Мне показалось, что от этой музыки я проснулся. Огляделся. Все мои спутники спали. Знаете, как хорошо спится под дождем в сухой пещере! За входом в пещеру бушевал ветер, лил дождь, но не мешал музыке. Она тихая, едва слышная, шла из темной глубины пещеры. Я тихо поднялся, чуть заправил свою постель и пошел навстречу с оркестром, исполнявшим полузабытое мною сочинение. Я шел и шел, включив карманный фонарик, интенсивность звучания музыки медленно нарастала. Пол пещеры был ровным, ходы ее слегка изгибались. Все это было очень реально, я почувствовал тягу свежего воздуха, настоянного на сенных ароматах, и почти сразу же увидел свет в конце хода. Скоро пещера кончилась. Я стоял на выходе.
Передо мной расстилался луг моего раннего детства, наверное, первый луг в жизни, который я запомнил. Он когда-то простирался между деревенскими огородами и болотом под дальним косогором, болотом, возникшем за века и века на древней старице Енисея. Луг был сух, по нему густо цвели ирисы-пикульки, по древним тюркским курганам синели коврики богородской травки, от них пряные ароматы гуляли над степью, которую мы звали лугом. Над лугом сияло летнее, нежаркое, ласковое солнышко. В синем небе плыли редкие белые облака. Я чувствовал себя, как в детстве, беззаботно и радостно, весь полон ожидания счастья.

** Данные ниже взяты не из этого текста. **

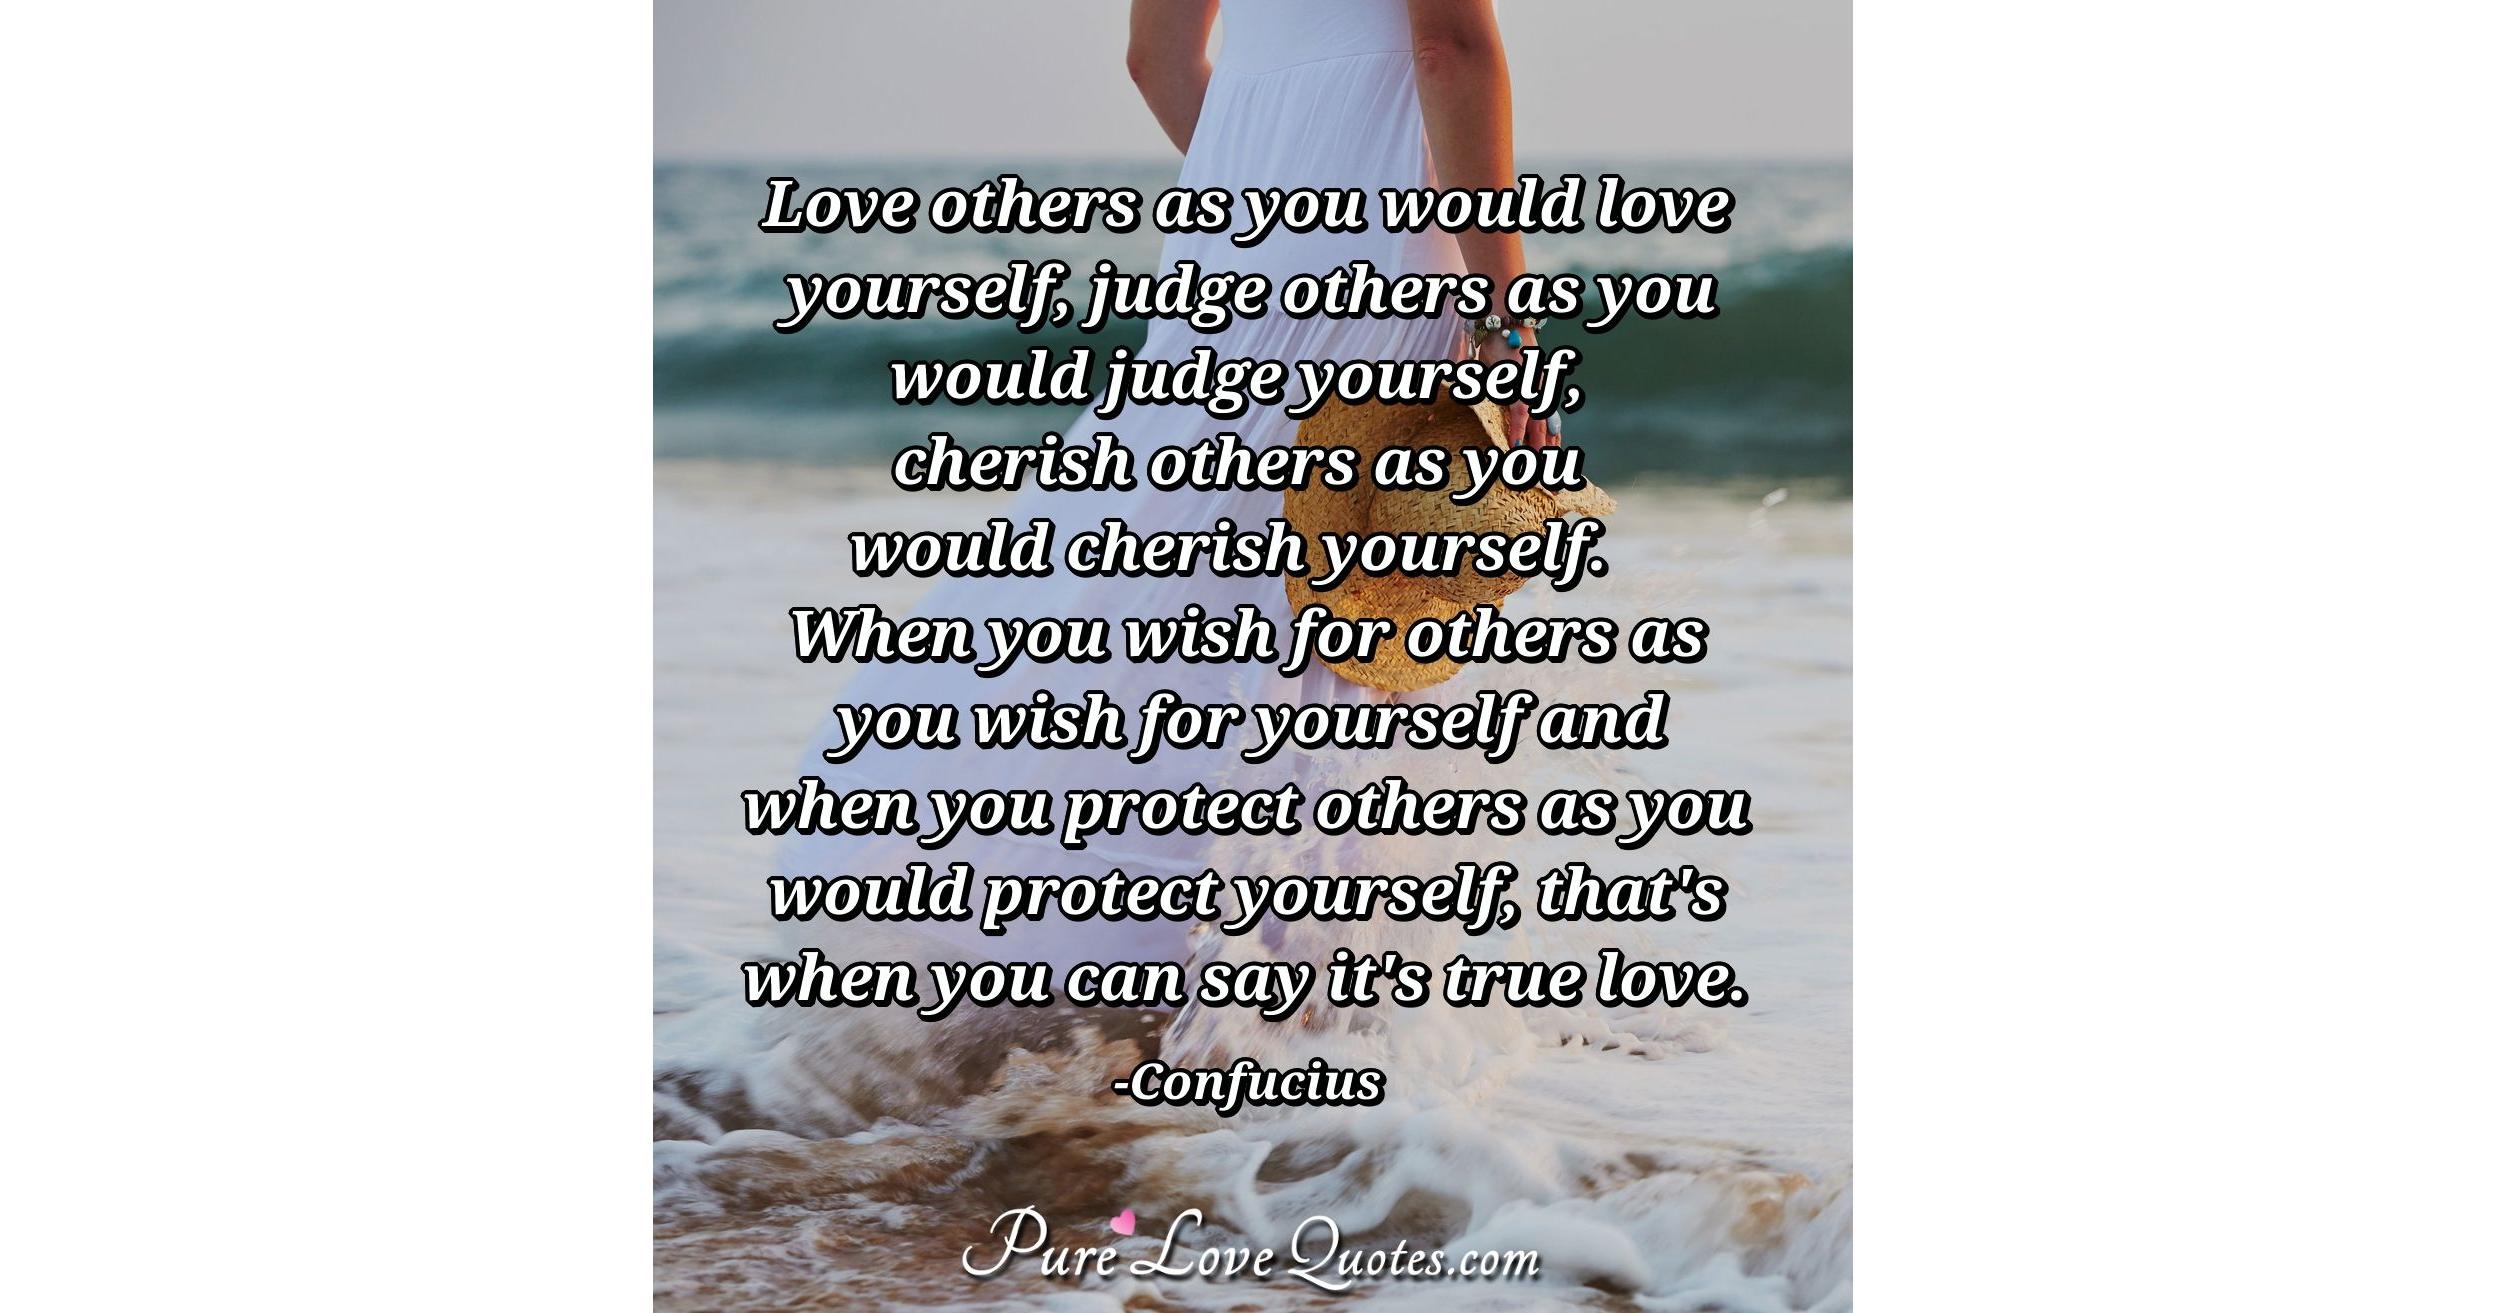 Love others as you would love yourself, judge others as you would judge

Над косогором, за которым лежал когда-то лучший в мире сосновый бор с рыжиками и брусникой, с клубникой по опушкам и черемухой по пересыхающим летом ручьям, над косогором и бором пламенело сияние. Оно манило меня к себе, и не было сил сопротивляться этому зову. И играла музыка, другая музыка — этой я никогда не слыхивал в жизни, я бы сказал — какая-то идеальная симфония, от нее рвалась душа в небо, летела и звала меня за собой. Оркестр, полный неведомых инструментов, которые могут производить такую музыку, тащил меня к себе, тянул. Я не сопротивлялся. Я пошел навстречу музыке и сиянию над боровым косогором, пошел с легким сердцем по такому знакомому суховатому лугу. Я ощущал запах чабреца, видел метелки ковыля и серебристые цветы — эдельвейсы. Я иду через мое детство, подумалось мне, иду к болоту моей жизни. Вот и оно. Мне в нем тоже все ведомо и знакомо. Вот тут есть сравнительно сухой переход, наша тайная тропинка, некогда сильно сокращавшая дорогу от бора в деревню.
Странно, я любил и это болото, осоку по кочкам, камыши у берегов, крохотные березки по подсохшим островкам, — как давно все это было! Вот и подъем на косогор к бору. Сколько радости всегда давал мне бор, как любил я ходить туда с бабушкой, потом с приятелями, бывало и один — за грибами, за ягодой и ни за чем, просто так…
Я перешел через болотце, поднялся на косогор и увидел громадную каменную стену, вроде кремлевской. Она влево и вправо уходила за горизонт и не кончалась в пределах видимости. Не просто стена — нечто фундаментальное, как сама земля, как мироздание. В стене, недалеко от меня, поднимались замковые ворота, башня. У ворот стояли и сидели стражники в странной, древней униформе. На них были куртки архаичного покроя, с разрезами на коротких рукавах, штаны — до колен, тоже с разрезами и будто накачанные воздухом. На ногах — сандалии. На головах — кожаные шлемы, отороченные серебристым позументом. Каждый воин-стражник держал в руках большие бутафорские мечи, а то и странные лезвия на длинных топорищах — помесь Запада и Востока.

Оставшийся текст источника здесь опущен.